Теперь перейдем к обзору отдельных терминов и понятий, относящихся к эстетике света у Платона.
7. Светоносность
Если начать с термина phosphoros, "светоносный", то такой текст, как об устроении богами "светоносных глаз", в контексте космологического исследования (Tim. 45b), несомненно, носит эстетический налет, поскольку общие принципы космологии воплощены здесь в определенном единичном явлении. Предполагается, что вокруг человека все освещено и что для восприятия этой освещенности тоже необходимы светоносные органы, поскольку подобное познается подобным. Но там, где общее совпадает с единичным, всегда содержится элемент эстетический. Характерно, что в указанном месте "Тимея" Платон допускает интересную игру слов: так как hemera обозначает "день", a hemeros - "кроткий", то Платон говорит о доставлении глазам "кроткого света" в противоположность грубо ожигающим свойствам огня (тот же мотив в Crat. 418b). Это значит, что световые образы гораздо более идеальны, осмысленны и познавательны, то есть тем самым гораздо более легки и прозрачны, чем грубое и вещественное ожигающее действие огня. Уже тут кроется приближение к эстетической области.
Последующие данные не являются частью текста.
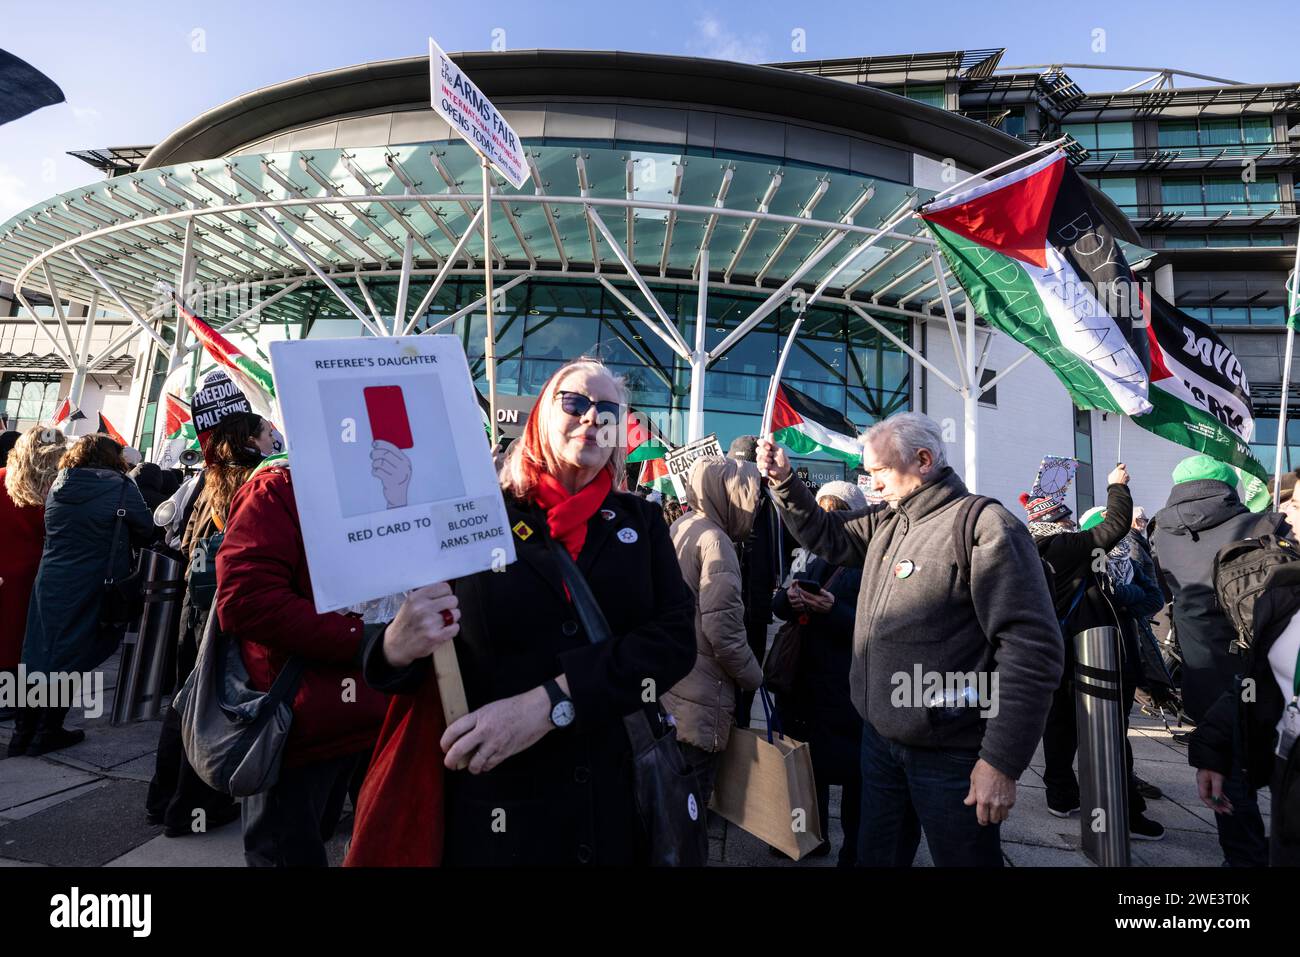 Manifestants pro-palestiniens Palestine ACTION PALESTINE prend part à une manifestation contre une exposition d'armes militaires au Twickenham Rugby Stadium, dans le sud-ouest de Londres. Banque D'Images

Гораздо чаще встречается у Платона термин phanos, "светлый", "просветленный". Характерным образом именно таким эпитетом сопровождается у Платона имя Эроса с интересным прибавлением ellogimos, "мудрый", "осведомленный", "значительный", "славный", и как раз в отношении демиургии искусства (Conv. 197а). Эрос, следовательно, "значительный и светлый" в активно-творческом значении этих слов. "Светлую жизнь" проводят те, которые приобщились к небесной области (Phaedr. 256d). Как глаз поворачивается от темного к светлому, так и душа поворачивается от преходящего к сиянию истинно сущего (R.P. VII 518с). В этом же смысле говорится о "светлом и прекрасном" (VI 506d). Мнение яснее незнания и темнее знания (V 478с), так что необходимо понимать реальное состояние души, - от более ли светлого она перешла к мрачному, или, наоборот, - от мрака к блеску (VII 518а). Душа не может стать темнее небытия и светлее бытия (V 479d), так что к более светлому бытию она переходит от темноты подобно чувственному переходу от мрака к свету (VII 532с), а искусство появилось у людей "вместе с ослепительным огнем" Прометея (Phileb. 16с). Даже в чувственной области различаются отражения предметов на подвижной и текучей поверхности воды и на предметах "плотных и гладких", которые от этого становятся блестящими (R.P. VI 510а). Таким образом, исследование показывает, что термин phanos, указывающий на "светлость" или "светлоту", употребляется Платоном почти исключительно только в характеристике истинно сущего как его наиболее ясная и видимая сторона. Последний из приведенных нами текстов безусловно свидетельствует и о связи этого термина с областью искусства.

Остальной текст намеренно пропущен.